How to use RNN with variable audio signals?

Hi everyone,

I have created a few models using Deep Learning but mostly have worked with images. Unlike with audio, images can be cropped, resized, etc.

So, I was in the process of creating a Speech Recogniton model (for Spanish) as my thesis and I got to do these steps:

  1. This is my dataset, the dataset are of different lengths.

  2. I created spectrograms for each one of them with 128 features, and of course each one has different numbers of frames due to their duration variation.

  3. I created a custom dataset where each data is spectrogram + label:

train_dataset = SpanishSpeechDataSet(csv_file='../input/spanish-single-speaker-speech-dataset/transcript.txt', root_dir='../input/spanish-single-speaker-speech-dataset/', data_type='train')

I did a test and show the spectrogram:

  1. I create a data processing function:
def data_processing(audio_data):

    spectrograms = []
    labels = []
    input_lengths = []
    label_lengths = []
    for (spec,label) in audio_data:
        #The spectrogram is in (128, 407) and (128, 355) for example but later on for padding the function expects (407, 128) and (355, 128). So we need to transpose the matrices.
        t = TextProcessing()
        label = torch.Tensor(t.text2int(text=label))
    spec_pad = torch.nn.utils.rnn.pad_sequence(spectrograms, batch_first=True).unsqueeze(1).transpose(2,3)
    label_pad = torch.nn.utils.rnn.pad_sequence(labels, batch_first=True)
    return spec_pad, label_pad, input_lengths, label_lengths
  1. DataLoader:
data_loader = DataLoader(dataset=train_dataset, batch_size=32,shuffle=True,collate_fn=lambda x: data_processing(x))
  1. Test the size of each:
it = iter(data_loader)
first = next(it)
second = next(it)
torch.Size([32, 1, 128, 594])
torch.Size([32, 1, 128, 558])

For each batch, the max size of the batch is different.

  1. Now, my question is if I want to pass these to a RNN, the input size would be 128 (number of features of the spectrogram) or would it be the frames (above case 594 or 558)? I am really confused!


1 Like

In the default setup nn.RNN (as well as e.g. nn.LSTM) expect an input in the shape [seq_len, batch_size, features].
I assume you are working with 128 frequencies and a variable sequence length in the last dimension.
If that’s the case, you could remove dim1, which seems to be an unnecessary channel dimension via input = input.squeeze(1) and permute the inputs afterwards via:

input = input.permute(1, 0, 2)

to get the desired shape of [seq_len, batch_size, features].

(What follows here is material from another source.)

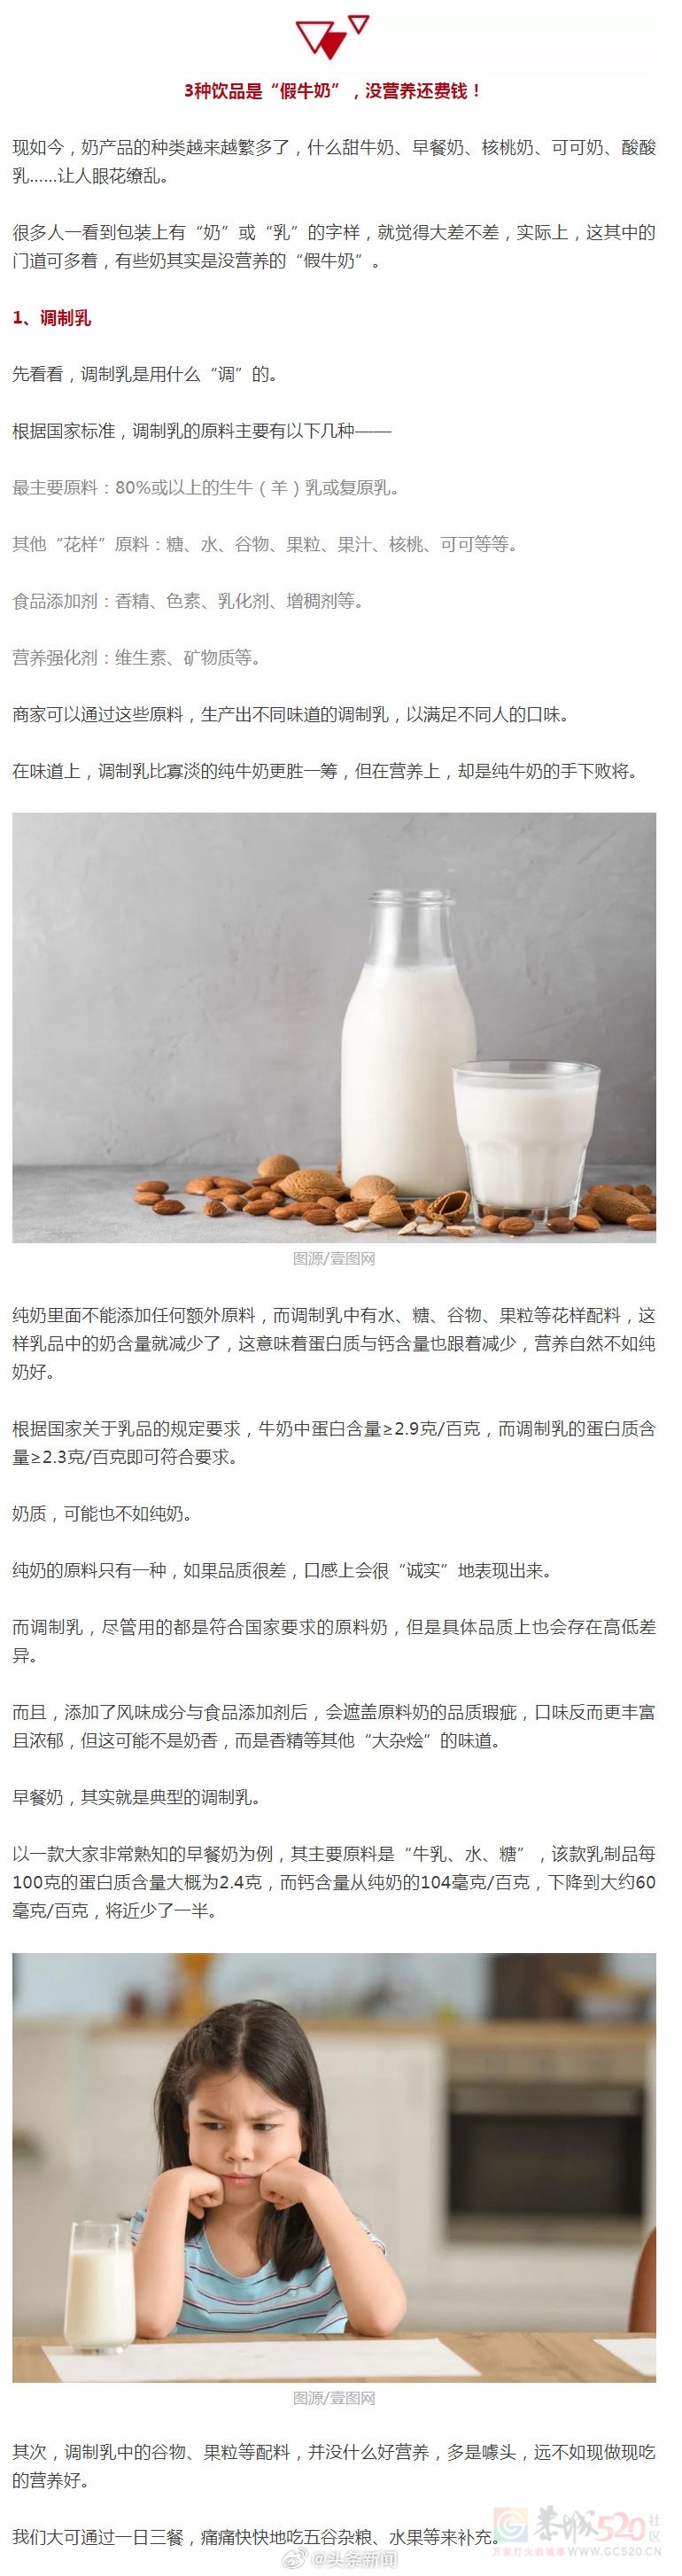 大家买牛奶记得看配料表，不然容易买到假牛奶548 / 作者:闲不住a / 帖子ID:313568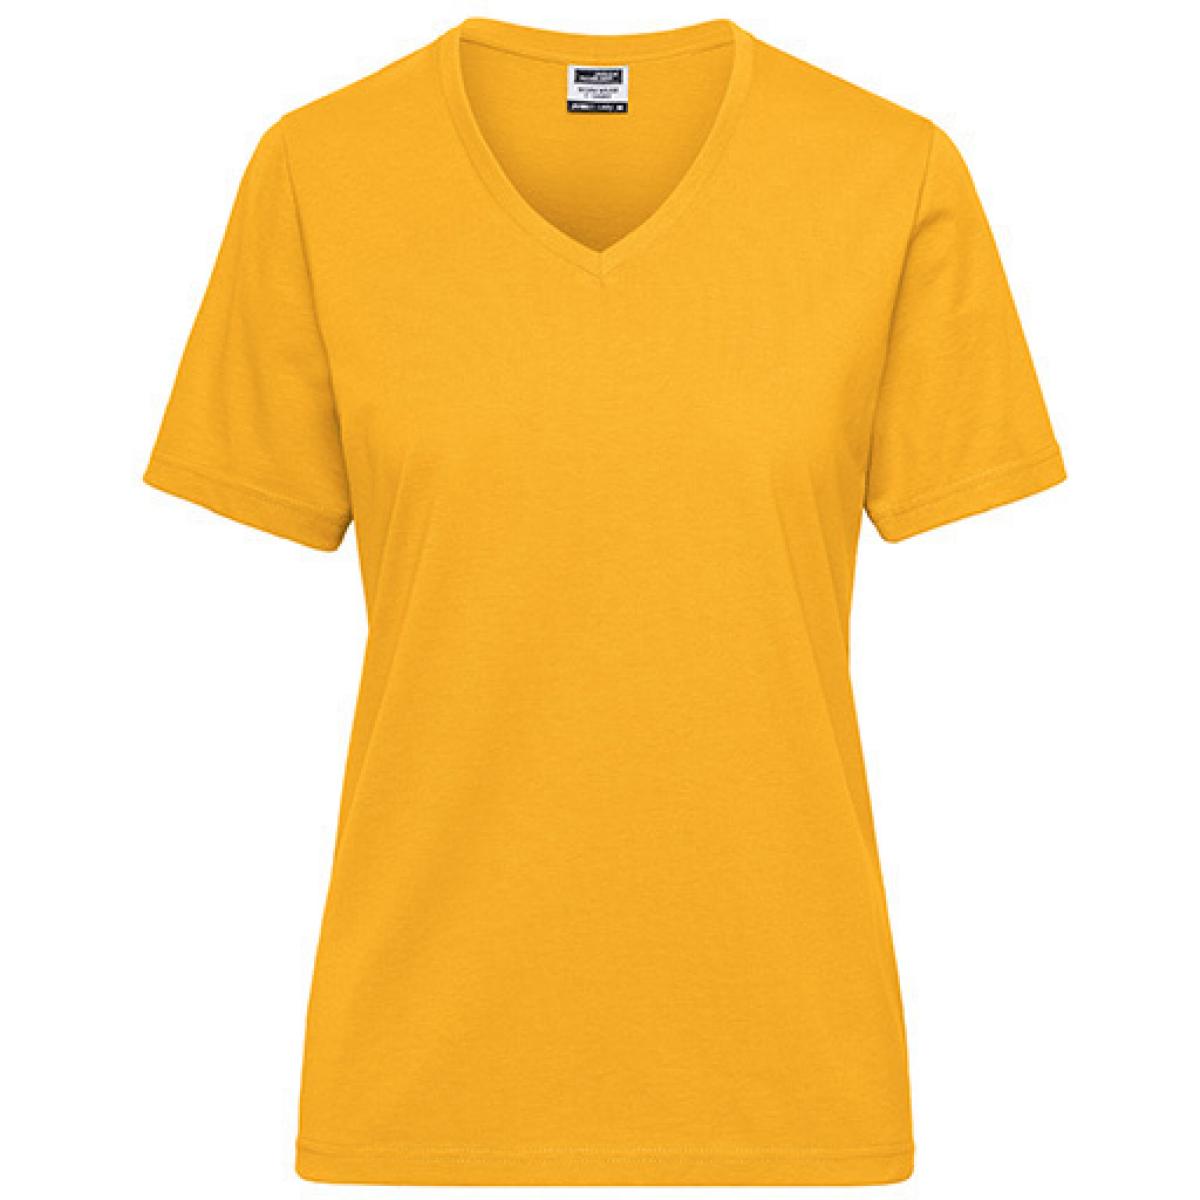 Hersteller: James+Nicholson Herstellernummer: JN1807 Artikelbezeichnung: Ladies‘ BIO Workwear T-Shirt / Damen T-Shirt - Waschbar 60C Farbe: Gold Yellow

You could also specify batch_first=True in the RNN, which would then expect the input in the shape [batch_size, seq_len, features].

1 Like

Hi @ptrblck,

Thank you so much. Your reply was very helpful :slight_smile:

I tried it yesterday but now I am facing issues working with GRU and CTC Loss function, I created another post about this…

Have a nice day!